Who pays more, low- or high-income households? The income group in Oregon that pays the highest share of their income to state and local taxes: Lowest income households.[1] The income group in Oregon that pays the lowest share of their income to state and local taxes: The wealthiest 1 percent of households.[2]

Have taxes increased as a share of Oregonians’ income? Oregon state and local general revenue as a share of income in 1991: 15.8 percent.[3] Oregon state and local general revenue as a share of income in 2012: 15.0 percent.[4]

How much do working poor Oregonians pay in income taxes? 2013 federal poverty threshold for a family of four with two children: $23,624.[5] State income tax paid in Oregon by a family of four living at the poverty line in 2013: $230.[6] Of the 42 states with income taxes, the number that taxed the income of a family of four living at the poverty line in 2013: 16.[7] Oregon’s rank in taxing the income of a family of four living at the poverty line in 2013: 5th highest.[8]

What share of income goes to the top 1 percent? Share of income going to Oregon’s top 1 percent in 2013: 14.0 percent.[9] Share of income going to Oregon’s bottom 40 percent in 2013: 7.7 percent.[10]

What share of capital gains income goes to the top 1 percent? Share of income from capital gains going to Oregon’s top 1 percent in 2013: 53.0 percent.[11] Share of capital gains going to Oregon’s top 5 percent in 2013: 73.6 percent.[12] Share of income from capital gains going to Oregon’s bottom 95 percent in 2013: 27.5 percent.[13]

How do lottery and income tax revenues compare? Anticipated state revenue from personal income taxes in 2015-17: $15.75 billion.[14] Anticipated state revenue from the Oregon Lottery in 2015-17: $1.13 billion.[15] Anticipated state revenue from corporate income taxes in 2015-17: $1.08 billion.[16]

Do corporations pay a fair share of income taxes?

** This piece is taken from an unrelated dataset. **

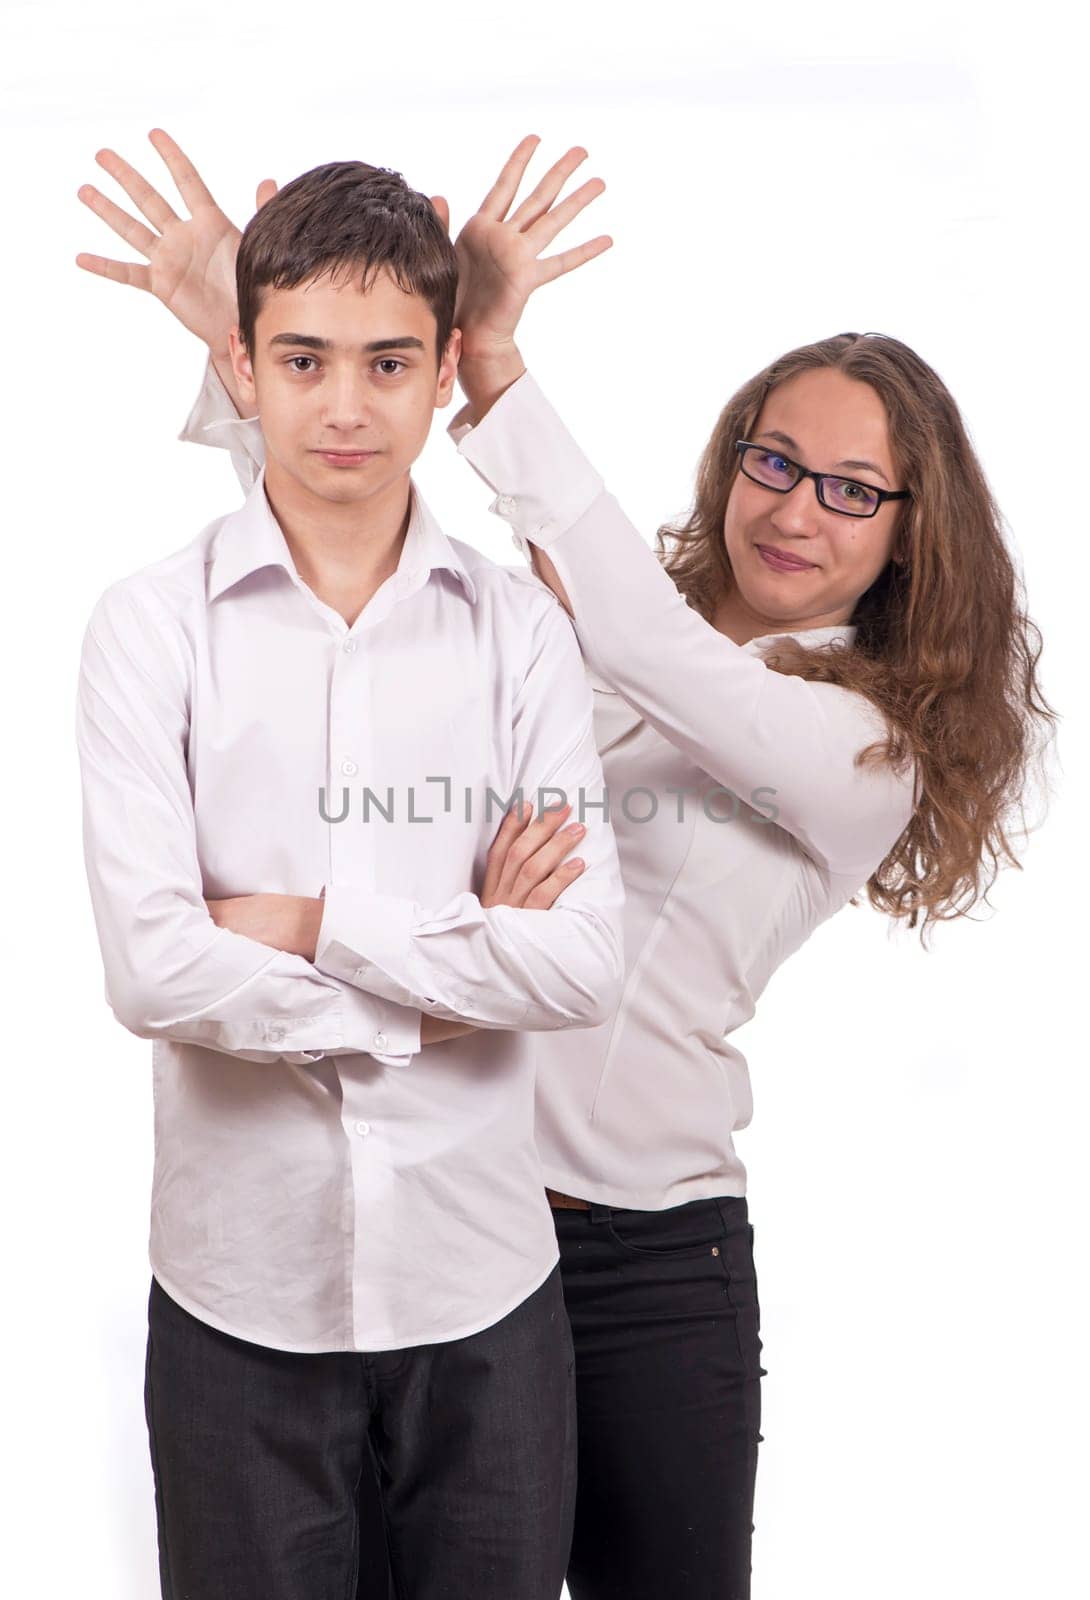 schoolchildren are joking building horns. Portrait of cute schoolchildren. A girl and a guy in school clothes are having fun and joking, playing tricks on each other. The girl shows the horns. Studio isolated on white background. by aprilphoto

Share of Oregon income taxes paid by corporations in 1973-75: 18.5 percent.[17] Share of Oregon income taxes corporations are projected to pay in 2015-17: 6.4 percent.[18]

Additional state revenue available in 2015-17 for schools, health and human services and public safety if corporations paid the same share of the state’s income taxes as they paid in 1973-75: $2.5 billion.[19] Amount of additional money Oregon schools needed in 2013-15 to provide all children a quality education: $2.2 billion.[20]

Do some profitable corporations pay nothing in income taxes? Number of profitable corporations doing business in Oregon that paid the corporate minimum tax in tax year 2012: 3,294.[21] Number of corporations with Oregon profits that used tax credits to reduce their 2012 tax liability below the corporate minimum tax: 218.[22] Number of corporations with Oregon profits that paid nothing in Oregon corporate income taxes for tax year 2012: 169.[23] Number of corporations with over $1 million in Oregon profits that paid nothing in Oregon corporate income taxes for tax year 2012: at least 49.[24] The names of corporations that paid nothing in corporate income taxes that support the public structures that create a strong business climate: The legislature has yet to make this public.

Who itemizes deductions and who uses the standard deduction? Share of Oregonians who itemized their deductions in 2013: 47.0 percent.[25] Share of Oregonians who used the standard deduction in 2013: 53.0 percent.[26] Share of Oregonians earning $100,000 or less in 2013 who itemized: 39.7 percent.[27] Share of Oregonians earning $100,000 or less in 2013 who used the standard deduction: 60.3 percent.[28] Share of Oregon’s wealthiest 1 percent who itemized in 2013: 95.5 percent.[29]

Share of the mortgage interest deduction benefits going to the highest-earning 20 percent of Oregonians in 2011: 61 percent.[31]

Who benefits from the Oregon EITC? Projected 2015-17 cost of the Oregon Earned Income Tax Credit (EITC): $105 million.[32] Share of Oregon taxpayers benefiting from the Oregon EITC in 2013: About 16 percent.[33] Share of Oregon EITC going to working families in 2013: 100 percent.[34]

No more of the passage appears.